Introduction to future contracts

What is futures trading? Futures trading is an agreement between two parties to buy or sell a specified asset at a specified future date at a price agreed today.

Hang Seng Index is calculated by capitalization weighted formula and is the main indicator of the overall market performance in Hong Kong. Currently, the Index is consisted of 50 constituents stocks.

Hang Seng Index futures (HSI futures) is a derivative based on the expected future price movements of Hang Seng Index as the underlying asset or instrument. The HSI futures had been launched in May 1986 and since then, it has become the most actively traded derivative product in Hong Kong Futures Exchange (floor trading).

Key features of futures contracts:

Generally speaking, futures contracts are financial products with the following features provided to the hedgers, speculators and arbitragers etc.

Leverage / capital efficiency:

When you open a futures contract, you must deposit the initial margin into your account, ie you must first make the minimum initial margin deposit into the designated bank account before you execute any trade. Buyer and / or seller need only necessary commit a little money to post a fraction of the underlying value of the worth of the underlying contract.

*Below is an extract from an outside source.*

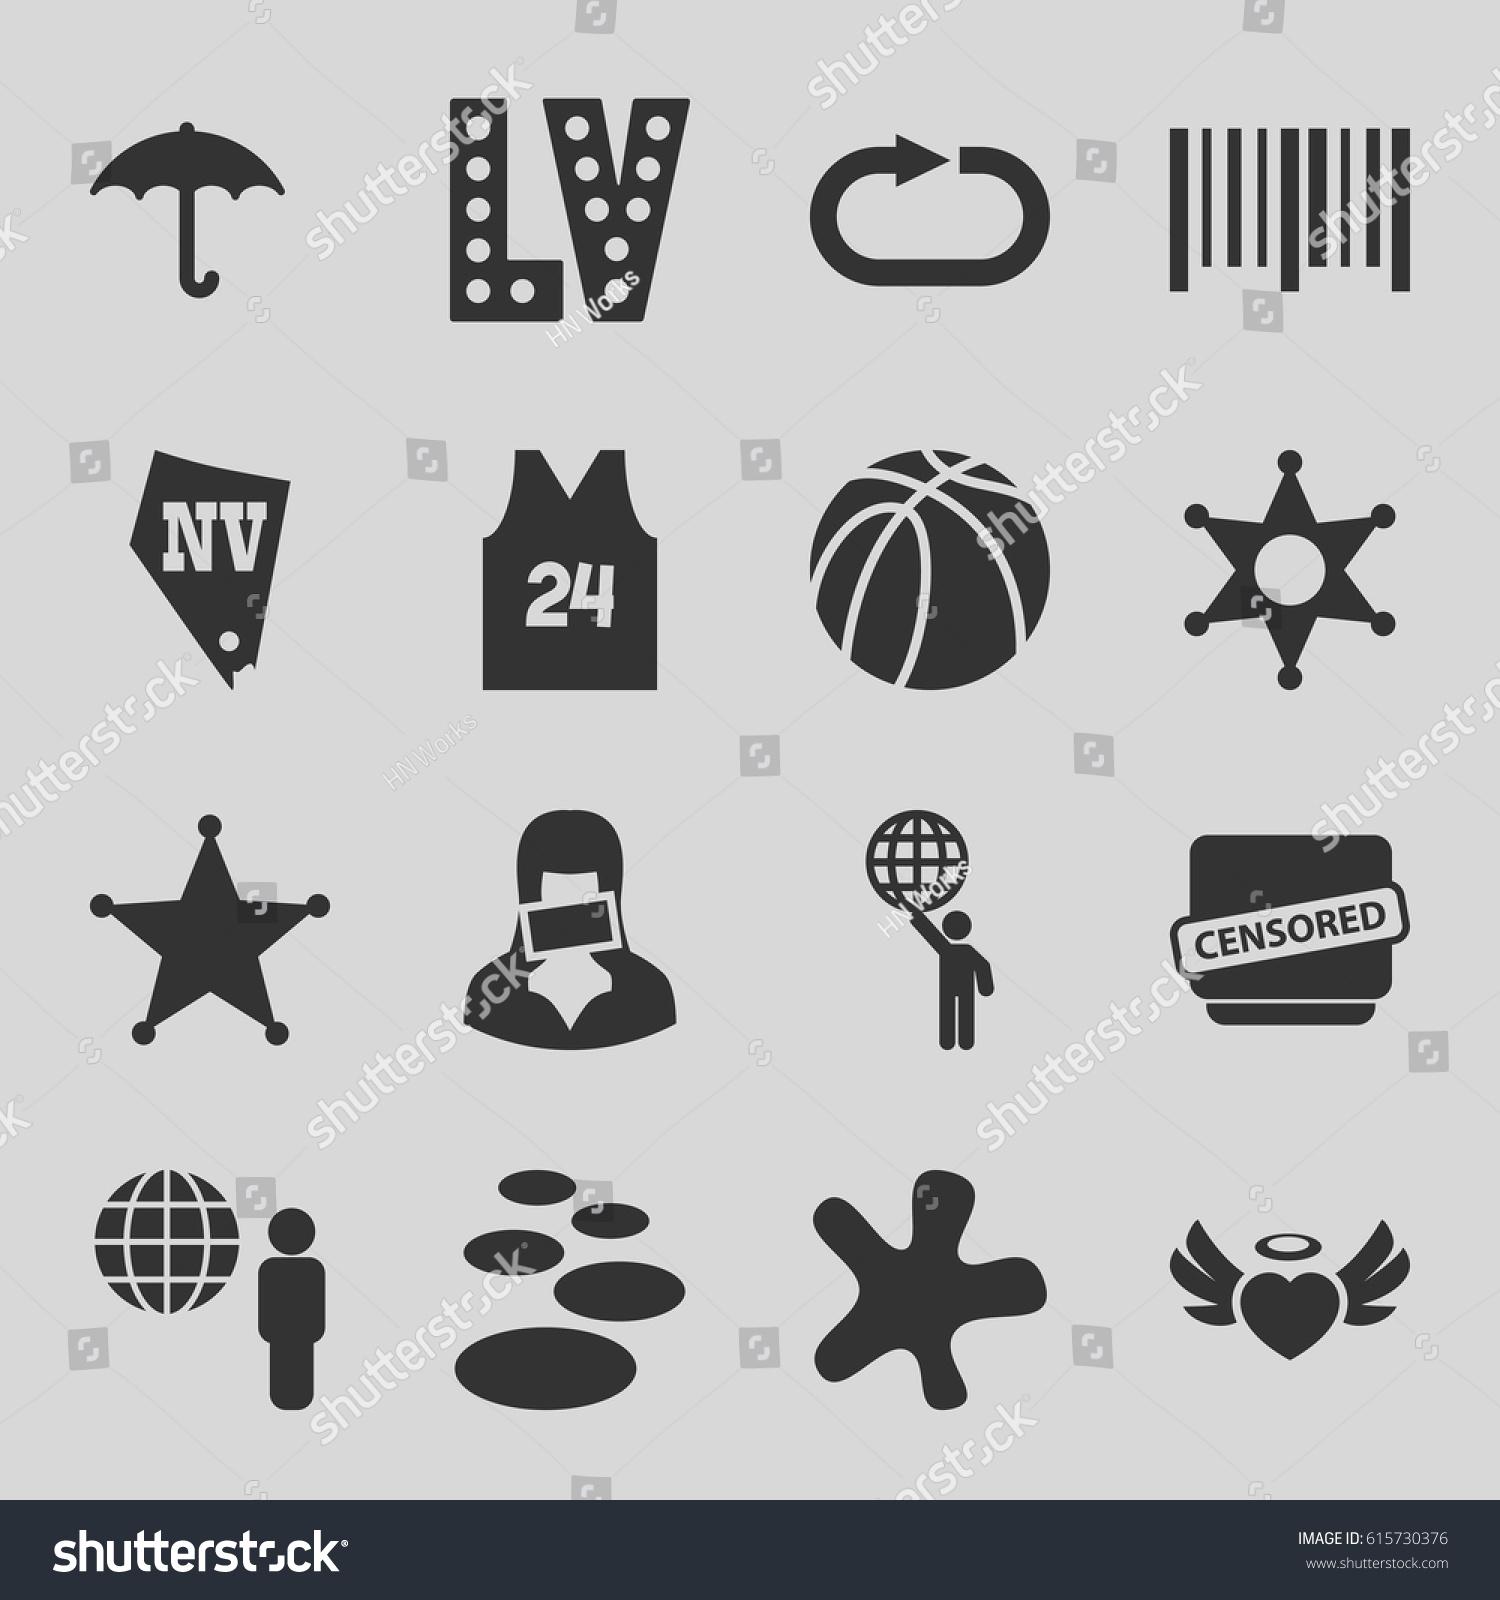 Grunge icons set set 16 grunge stock vector 615730376 shutterstock grunge icons set set of 16 grunge filled icons such as vegas splash buycottarizona Choice Image
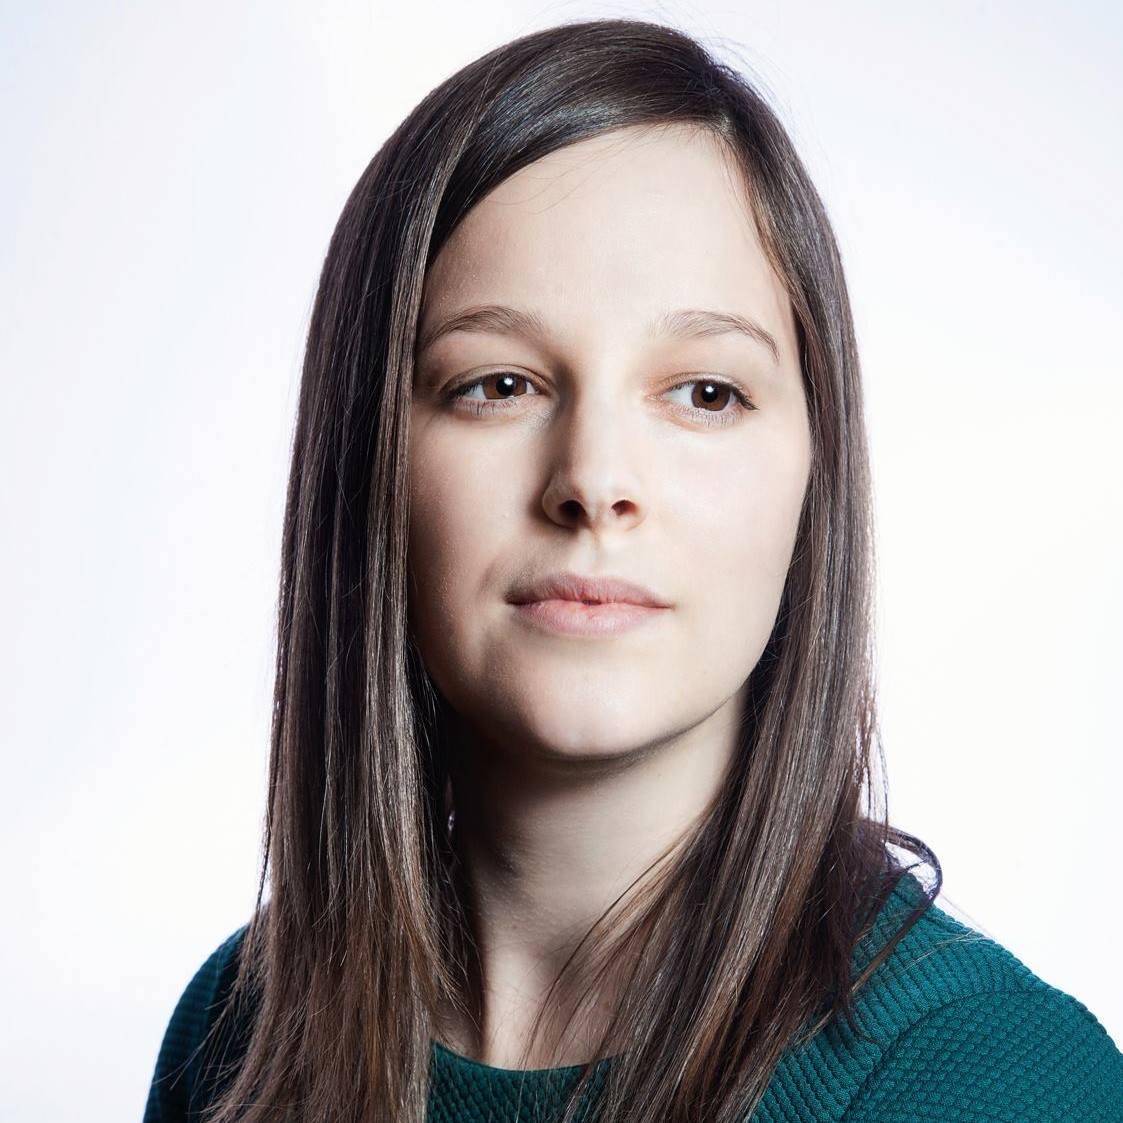 Andrée-Anne Giguère

In other words, with leverage effect, futures contract is a cost-efficient financial derivative which serves as a tool for hedging, speculation and arbitrage.

Cost-efficiency: The cost is much lower for a futures contract comparing to the commission rate of the specified amount of the underlying asset.

Guaranteed settlement:

As transactions are executed on a futures exchange, under the obligation agreement transactions executed by exchange will be deemed to honor the futures trade settlement obligation. Once confirmation on the transactions completed, clearing house will act as a counterparty for both buyer and seller. By removing the obligations from buyer and seller and transferring the same to clearing house, counterparty risk will be limited to the clearing, and therefore guaranteed settlement could be honored.

Directional trading: Giving more flexibility to the investors, with reference to the investors’ different market expectations, investors would generate profits nevertheless the ups and downs of the markets.